Zhao Yuxia, Mamat Mahpirat, Aysa Alimjan, Ubul Kurban
School of Computer Science and Technology, Xinjiang University, Ürümqi, 830046, Xinjiang, China.
School of Mathematics and Computer Applications, Shangluo University, Shangluo, 726000, Shaanxi, China.
Sci Rep. 2024 Jul 17;14(1):16563. doi: 10.1038/s41598-024-62269-8.

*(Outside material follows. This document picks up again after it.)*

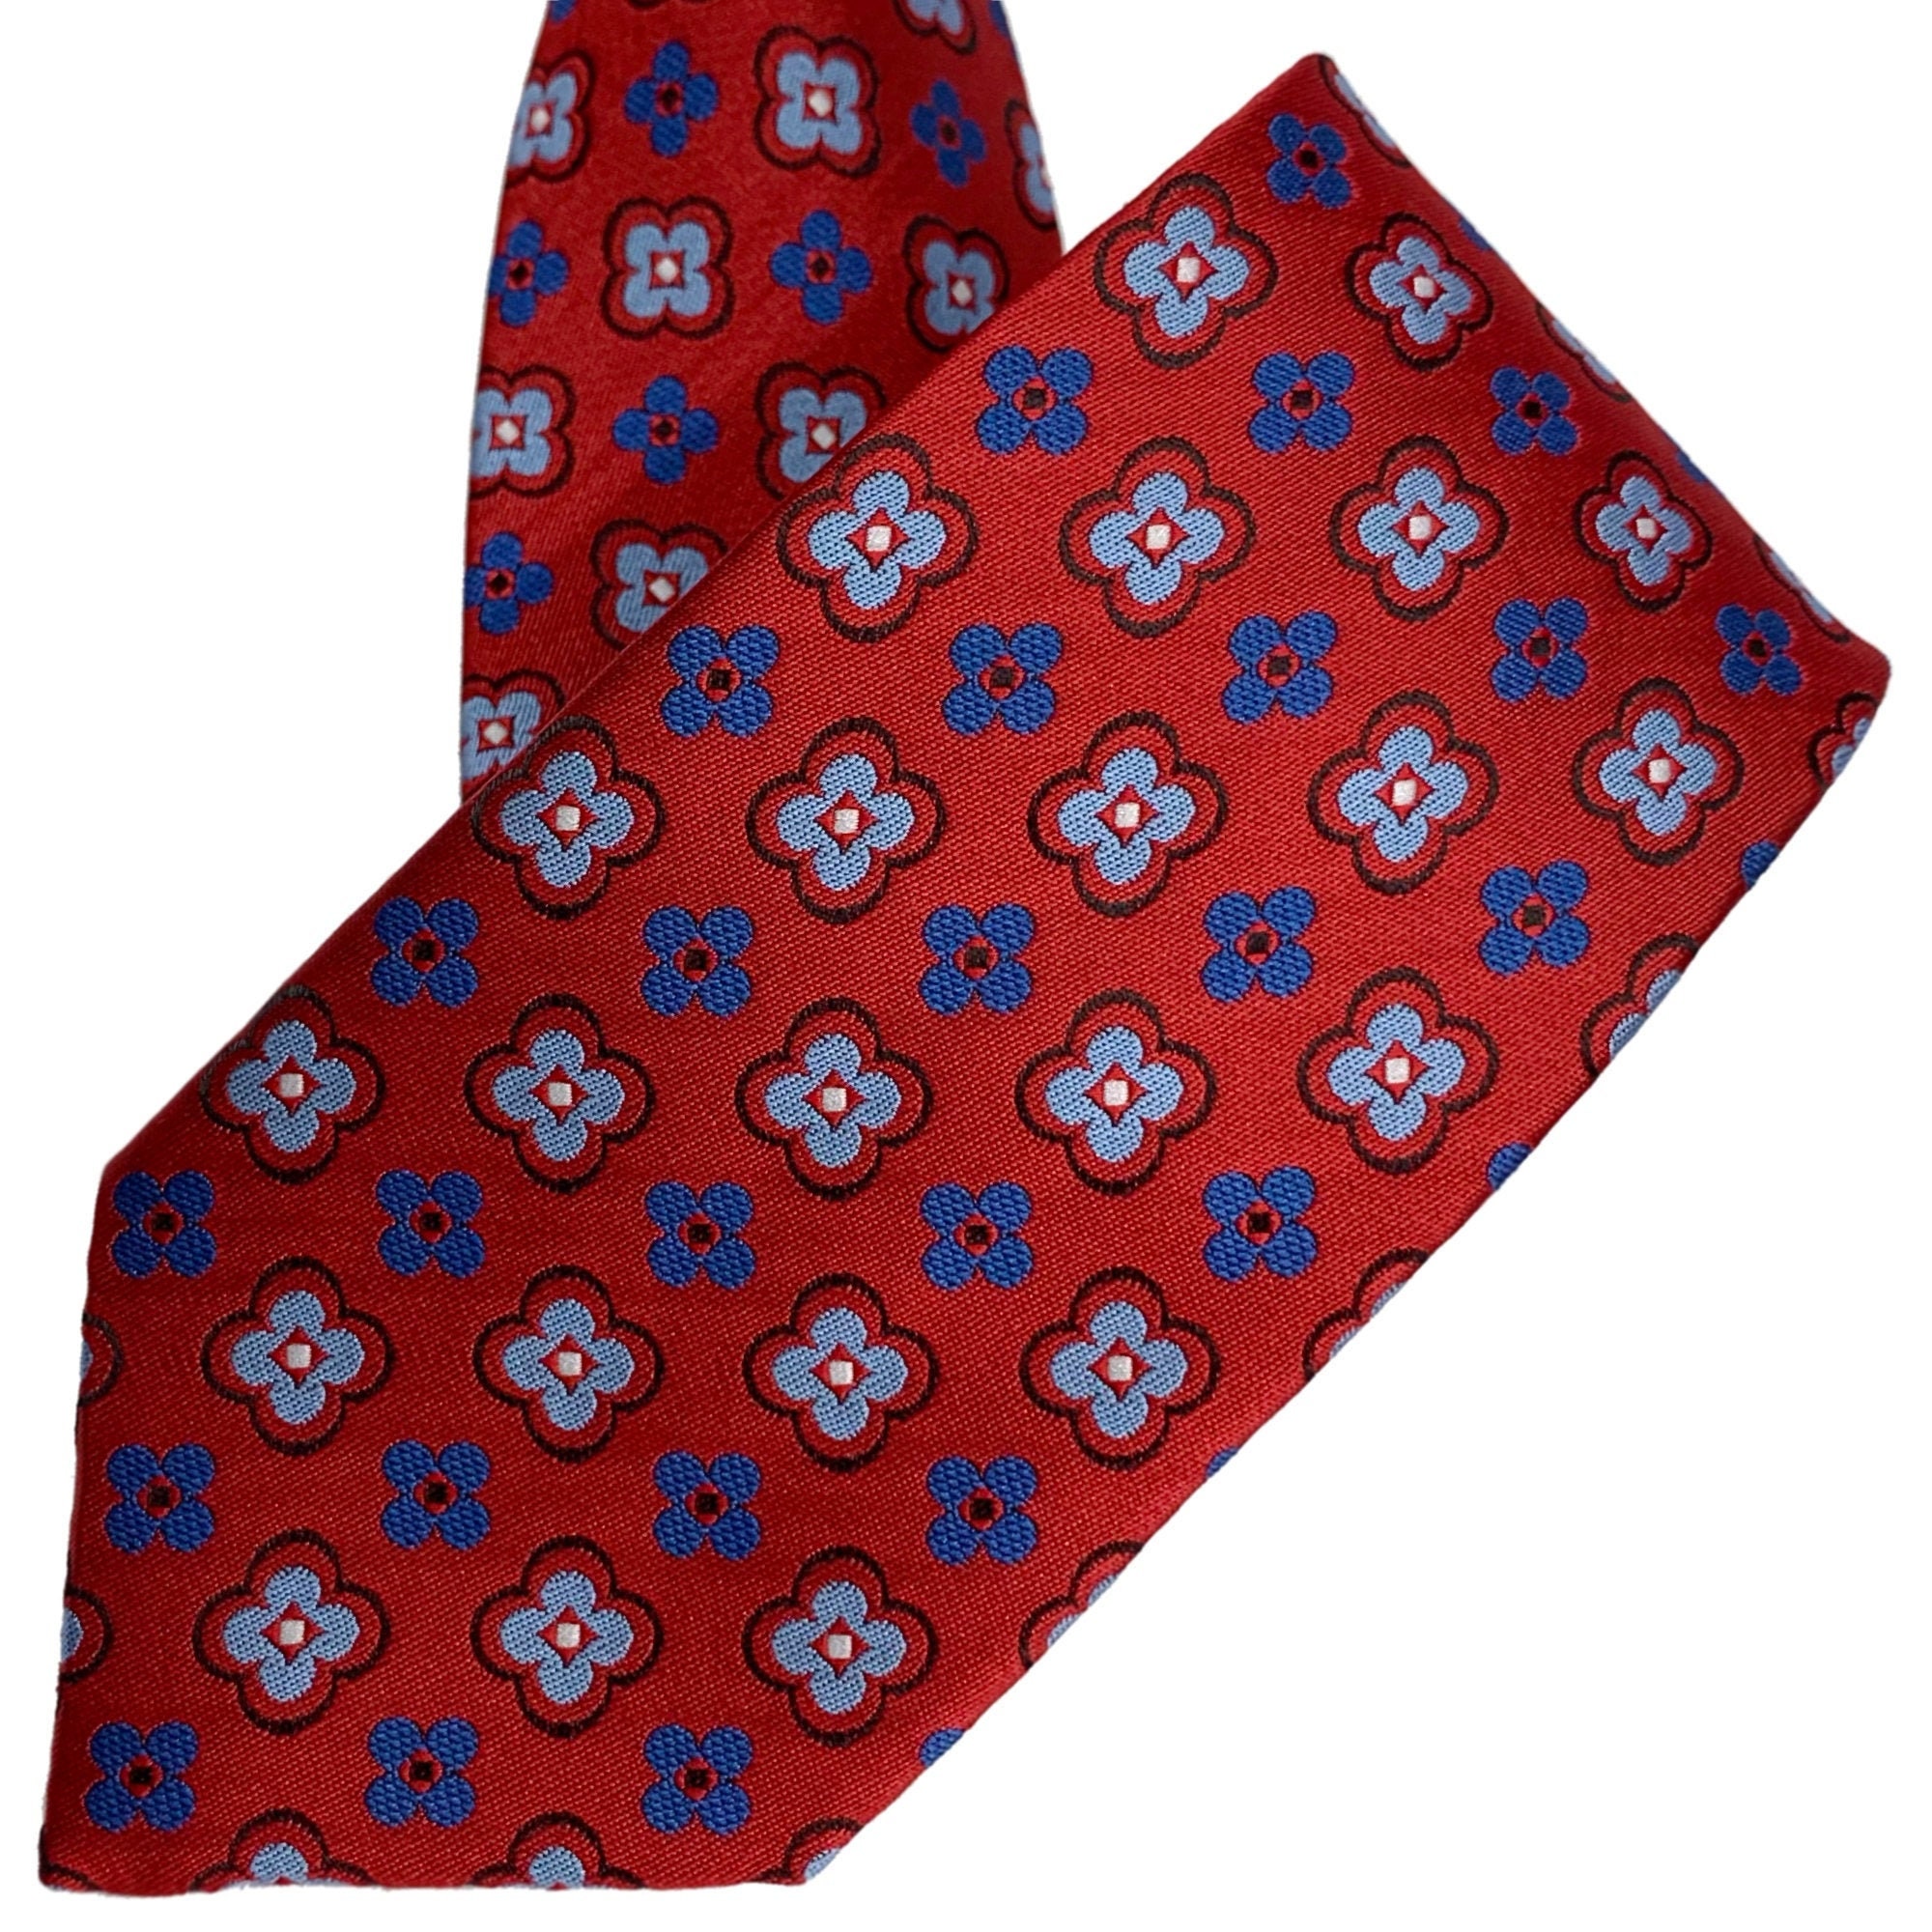 White Dotted Tie With Blue Sax Blue and Black Flowers on Red - Etsy

Implicit sentiment identification has become the classic challenge in text mining due to its lack of sentiment words. Recently, graph neural network (GNN) has made great progress in natural language processing (NLP) because of its powerful feature capture ability, but there are still two problems with the current method. On the one hand, the graph structure constructed for implicit sentiment text is relatively single, without comprehensively considering the information of the text, and it is more difficult to understand the semantics. On the other hand, the constructed initial static graph structure is more dependent on human labor and domain expertise, and the introduced errors cannot be corrected. To solve these problems, we introduce a dynamic graph structure framework (SIF) based on the complementarity of semantic and structural information. Specifically, for the first problem, SIF integrates the semantic and structural information of the text, and constructs two graph structures, structural information graph and semantic information graph, respectively, based on specialized knowledge, which complements the information between the two graph structures, provides rich semantic features for the downstream identification task, and helps to understanding of the contextual information between implicit sentiment semantics. To deal with the second issue, SIF dynamically learns the initial static graph structure to eliminate the noise information in the graph structure, preventing noise accumulation that affects the performance of the downstream identification task. We compare SIF with mainstream natural language processing methods in three publicly available datasets, all of which outperform the benchmark model. The accuracy on the Puns of day dataset, SemEval-2021 task 7 dataset, and Reddit dataset reaches 95.73%, 85.37%, and 65.36%, respectively. The experimental results demonstrate a good application scenario for our proposed method on implicit sentiment identification tasks.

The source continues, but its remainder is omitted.